Depending on their specific needs and financial circumstances, business owners can apply for a loan through various sources. For instance, entrepreneurs in the Philippines can use Maya Business’s Maya Flexi Loan to fund their small or medium-sized businesses. However, before diving headfirst into the loan application process, it’s crucial for business owners to prioritize building their creditworthiness.
A key factor that lenders consider when evaluating loan applications is the applicant's creditworthiness, which is assessed through their credit score. A business with a strong credit score has a higher likelihood of getting their loan applications approved; they may secure more favourable terms and interest rates.
But how can one boost their creditworthiness? Let's delve into some tips to improve your credit ratings so that you can position your business for better financing opportunities.
Pay Your Bills on Time
Paying your bills on time is one of the most crucial factors in determining your creditworthiness. If you consistently pay your company’s bills before or by their due dates, you demonstrate reliability and responsibility to lenders—which also improves your creditworthiness over time. Late payments can have a significant negative impact on your credit score, making it harder to secure favourable loan terms.
To streamline your bill payments, enrol your billers in your business bank account and set up automatic transfers. This way, you won’t miss a payment deadline.
Clear Outstanding Debts
Outstanding debts, such as credit card balances or loans, can weigh heavily on your business’s creditworthiness. Develop a repayment plan by prioritizing debts with the highest interest rates or balances. You should also consider debt consolidation when possible to make your monthly amortization more manageable. With low or zero debt, lenders are more likely to grant you a loan because your business will be perceived as a low-risk borrower.

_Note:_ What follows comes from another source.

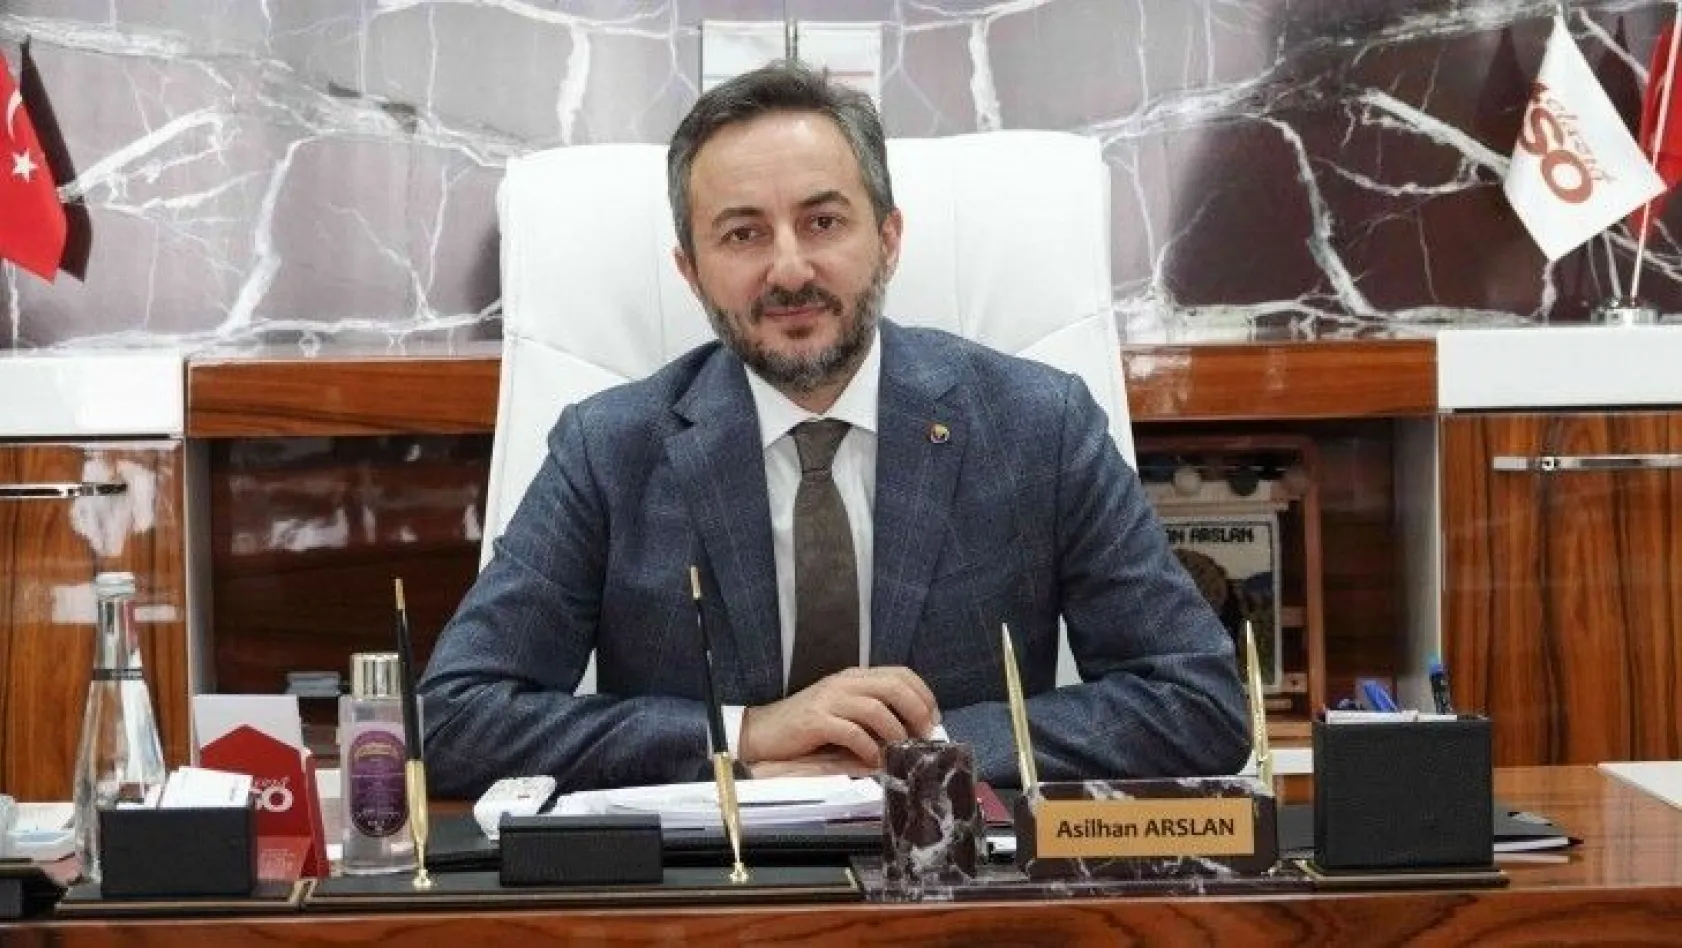 Başkan Asilhan Arslan talepte bulundu

Paying off your debts diligently will also prevent your account from being sent to debt collection agencies. If you have debts in collection, your creditworthiness score will be severely affected. Thus, you should never allow your debts to grow exponentially as this will not only risk your reputation and limit your access to financial products like business loans, but also endanger your financial stability. If you’re experiencing financial difficulties, communicate with creditors to explore alternative repayment options and avoid collections.

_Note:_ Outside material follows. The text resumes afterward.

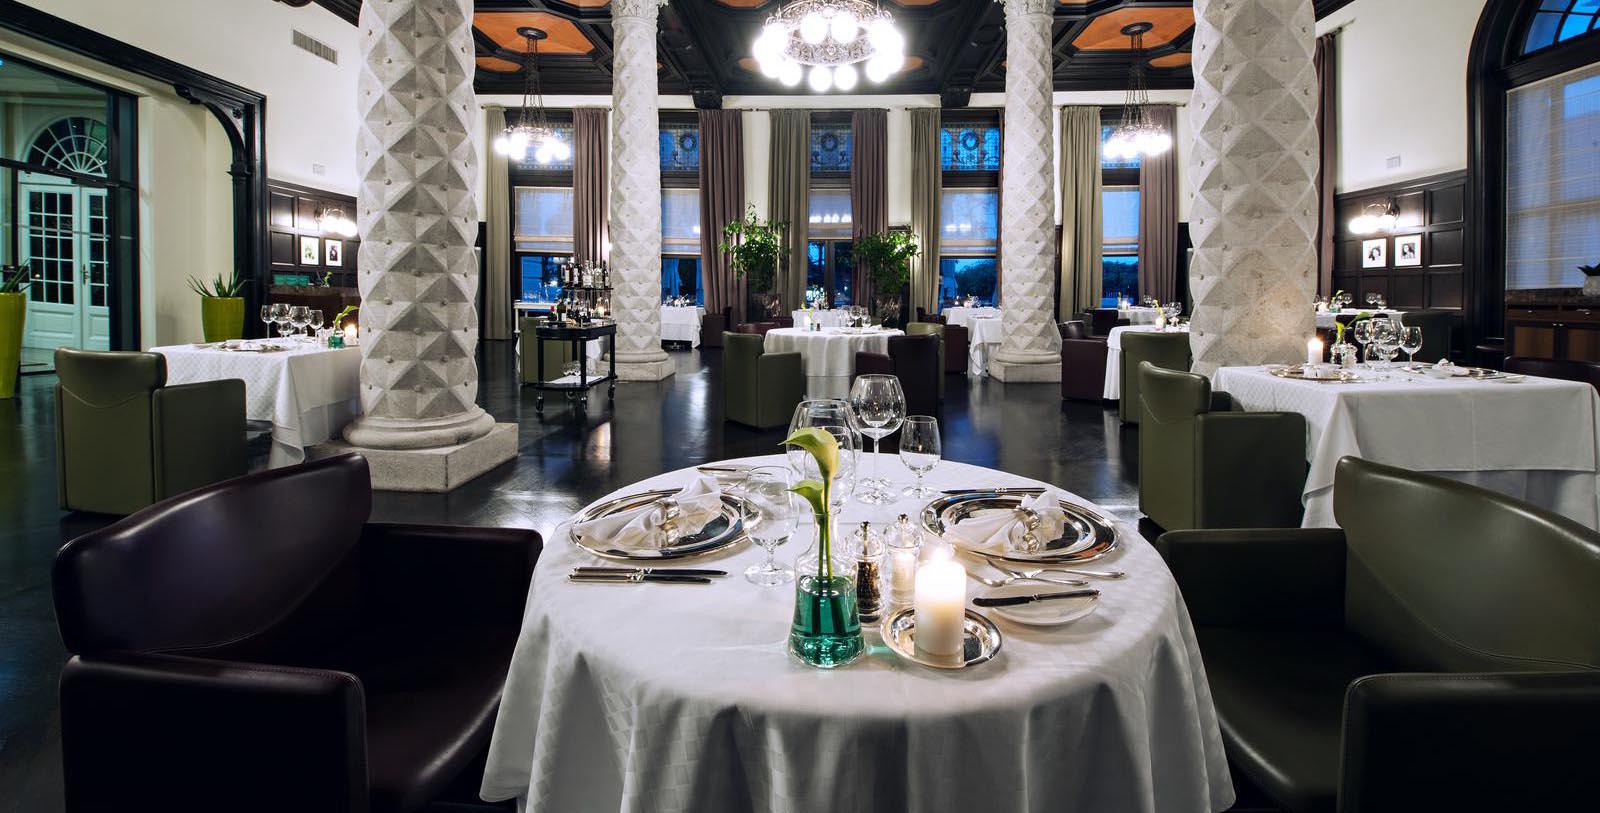 Taste refined Mediterranean cuisine at Restaurant Sophia, the signature restaurant of this historic hotel.

Maintain a Low Credit Utilisation Rate
Your credit utilization rate, or the percentage of your available credit that you're currently using, is a key factor in your credit score calculation. If you’re able to keep your credit utilization rate low, you’re showing lenders that you can manage your finances responsibly and you’re not relying heavily on credit.

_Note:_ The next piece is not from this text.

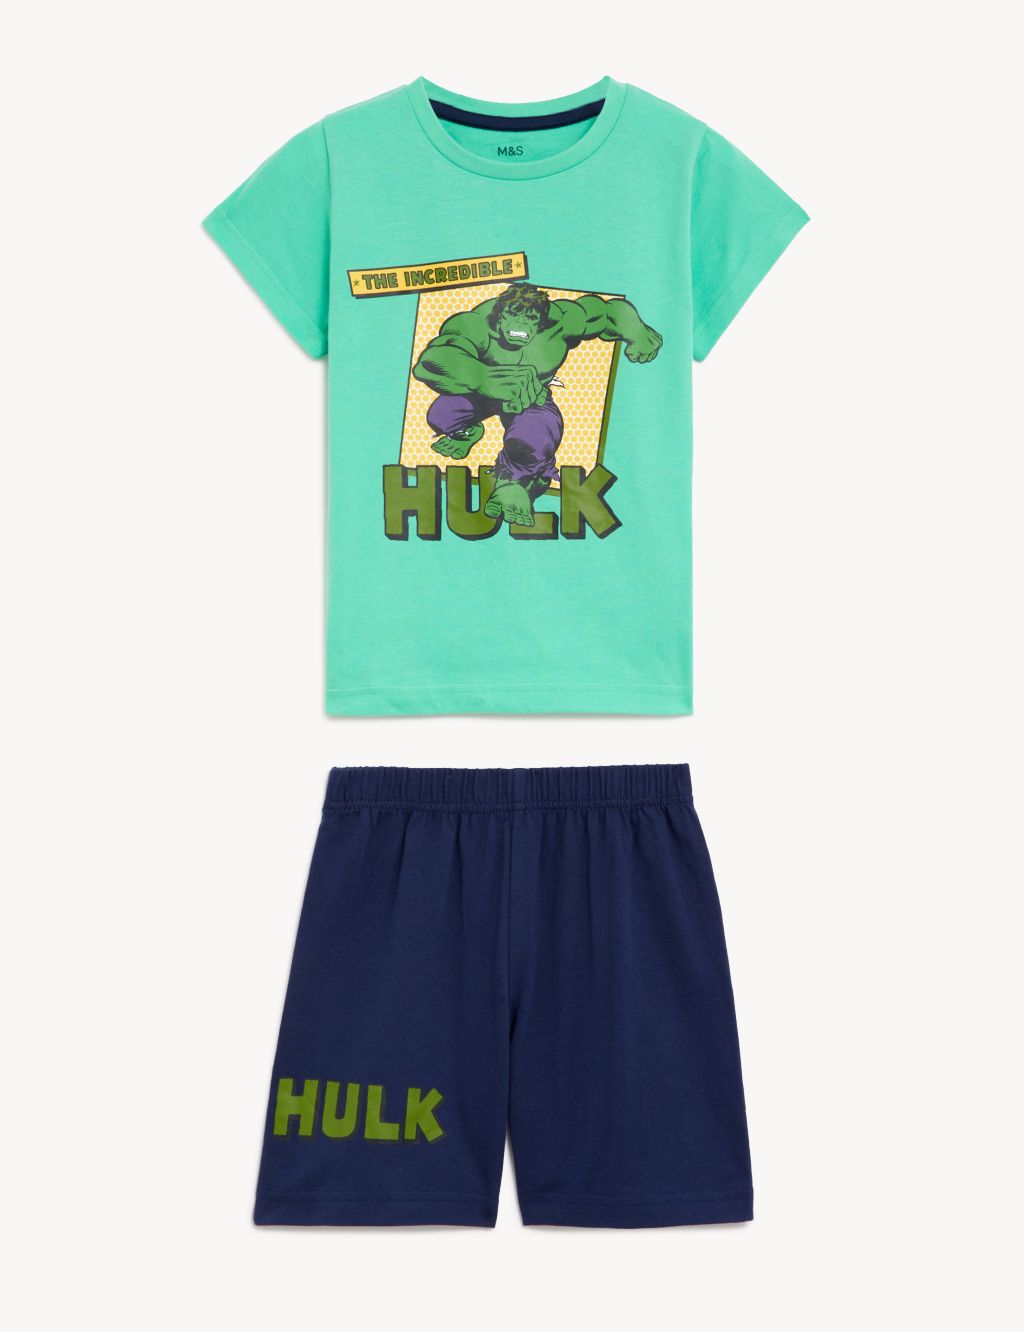 The Hulk™ Short Pyjama Set (3-12 Yrs) image 2

To lower your credit utilization rate, avoid maxing out your business credit cards even if you plan to pay off the balances in full each month. If or when possible, consider applying for an increase in the credit limit on your existing business credit cards. However, make sure that your spending habits stay the same and that you continue to make your monthly payments on time. Drastically increasing your spending with your new credit limit can harm your credit score.
Diversify Your Credit Mix
Having a diverse mix of credit accounts demonstrates your ability to responsibly manage various types of credit, greatly improving your credit score. Lenders prefer to see a combination of different types of credit, such as revolving credit (e.g., credit cards) and instalment loans (e.g., auto loans). However, be cautious when adding new credit accounts and only take on additional debt that you’re sure you can comfortably repay on time.
Monitor Your Credit Regularly
Regularly monitoring your business credit is essential for maintaining and improving your creditworthiness. By staying informed about your credit score and credit report, you can identify any errors or discrepancies that may be negatively affecting your credit rating. Additionally, monitoring your credit allows you to detect signs of identity theft or fraudulent activity early, minimizing potential damage to your credit.
Sign up for credit monitoring services offered by credit bureaus or financial institutions to receive alerts about changes to your credit report. Also, review your credit report from each of the major credit bureaus at least once a year to check for inaccuracies. If you find any problems, take immediate action to prevent them from affecting your creditworthiness.
Building and maintaining a strong credit profile is essential if you’re planning to secure a business loan. When you have a good credit score, lenders will view you as a reliable borrower who can handle credit well. It can be challenging to build good credit, especially for small enterprises. However, by implementing the tips outlined in this article, you can steadily improve your creditworthiness and secure your business’s position for long-term financial success.